Live Nation has maintained that it has consistently followed the consent decree, settling with the DOJ at the time. AELP claims Live Nation continues to violate that consent decree, which expires this year.
There’s technically no statute of limitations on mergers, but the government must prove that Live Nation has illegally wielded its monopoly in a manner that violates antitrust laws. Simply having a monopoly isn’t inherently illegal. The Federal Communications Commission in 2008, for example, approved the merger between XM and Sirius despite the combined entity being the only licensed satellite radio broadcasting company.
In a February earnings call, Live Nation reported operating income of $825 million last year, with 151 million fans attending over 50,000 events. It brought in total revenue of $23 billion, roughly $19 billion of which generated off of its concert arm.
Asked about high ticket pricing, CFO Joe Berchtold said the artists with stadium tours “are priced at almost perfection,” and that the prices are meant to deter scalpers.
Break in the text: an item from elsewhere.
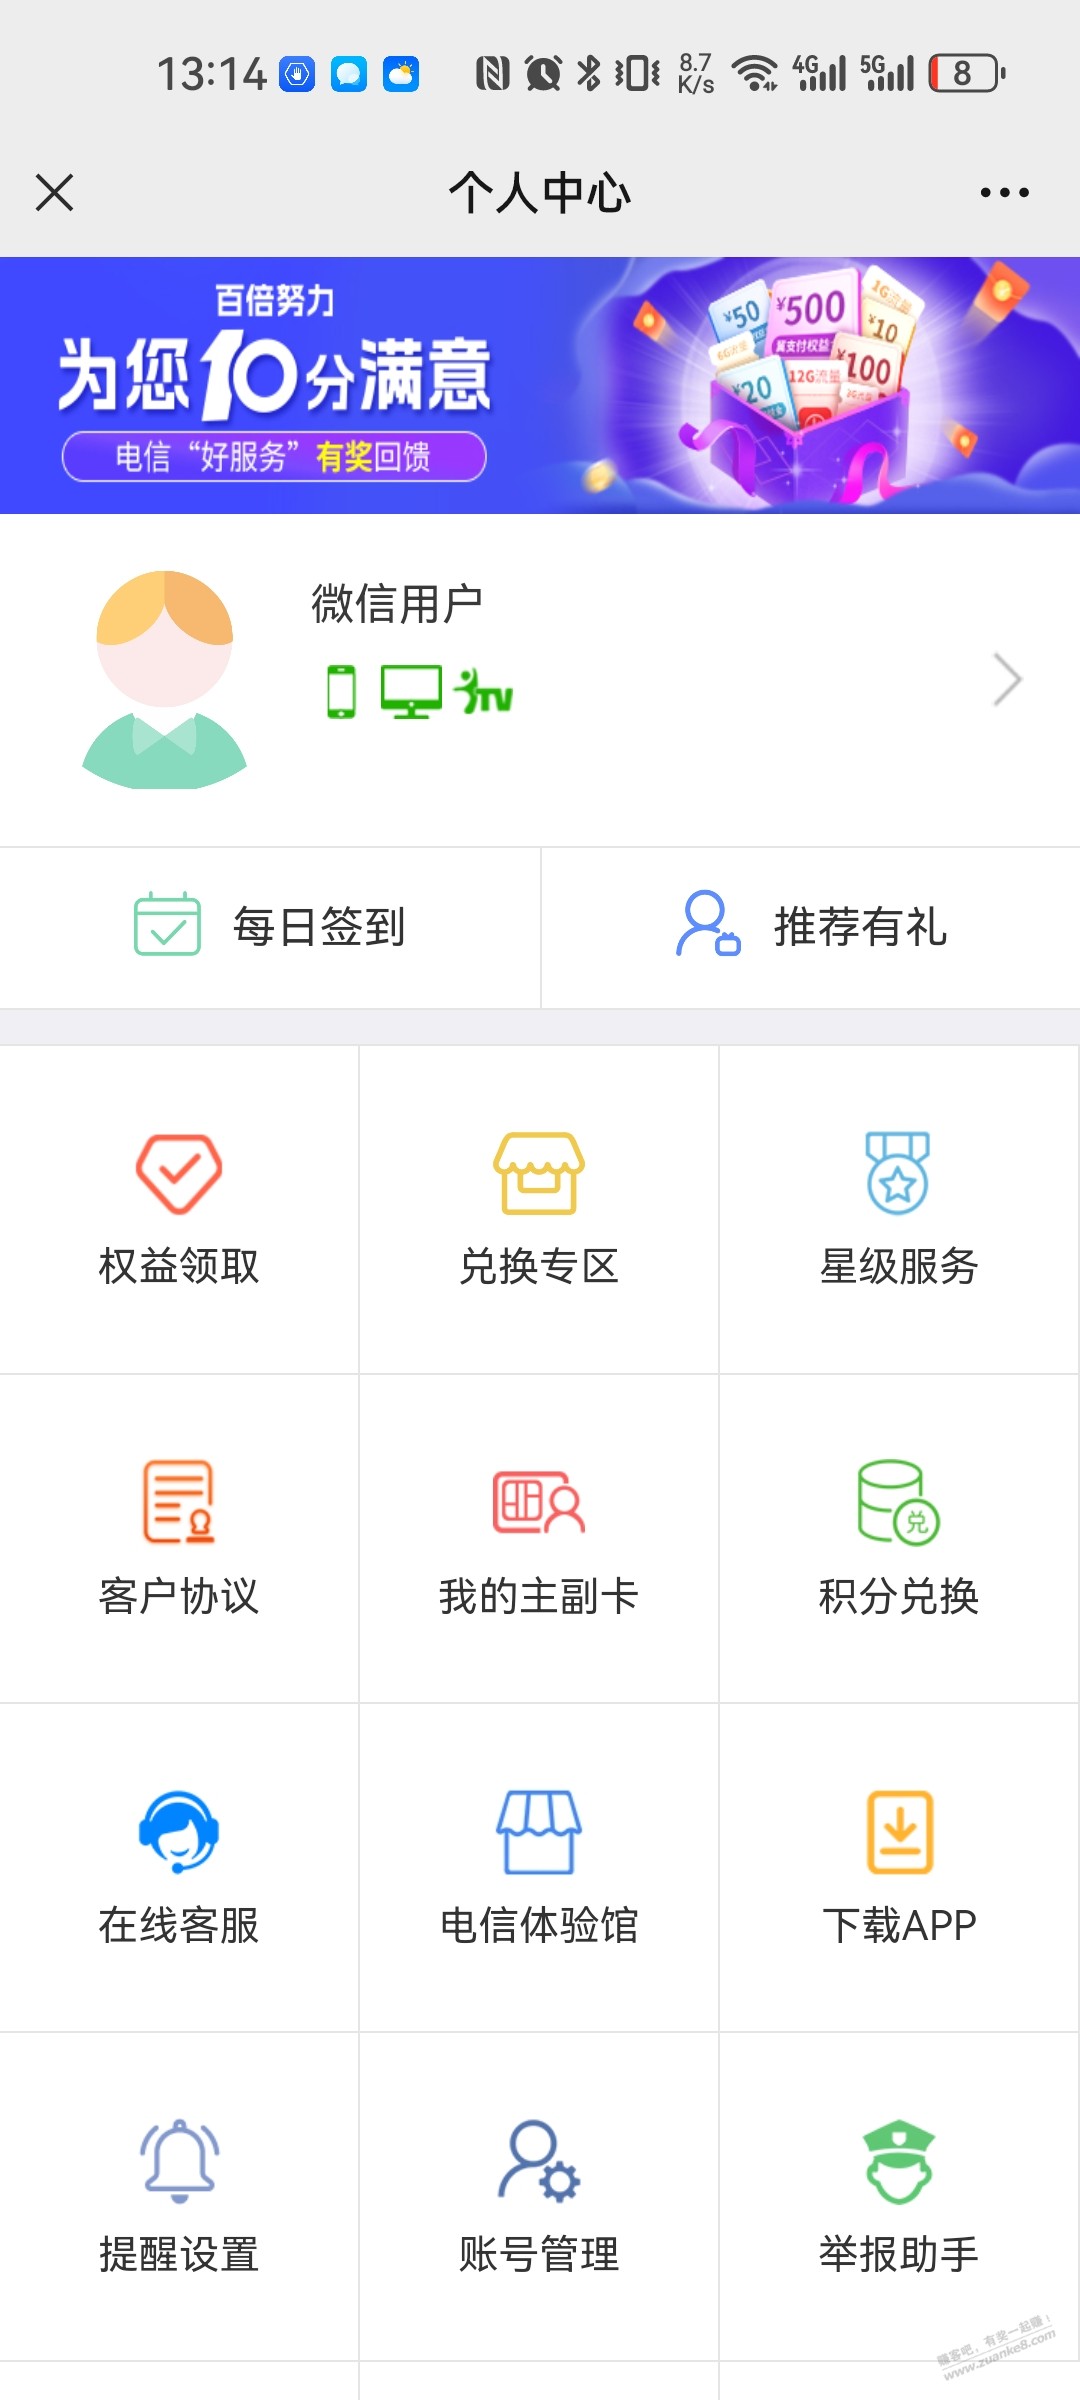 安徽电信流量-惠小助(52huixz.com)

“Since 2022, thousands of Americans have unequivocally called on the DOJ to break up Live Nation/Ticketmaster,” said Morgan Harper, director of policy at the AELP. “The DOJ must continue this case and pursue structural remedies like the public is demanding. Past attempts to cut deals with this giant have been unsuccessful in stopping abuses of independent venues, artists, and fans. Nothing short of a breakup will do.”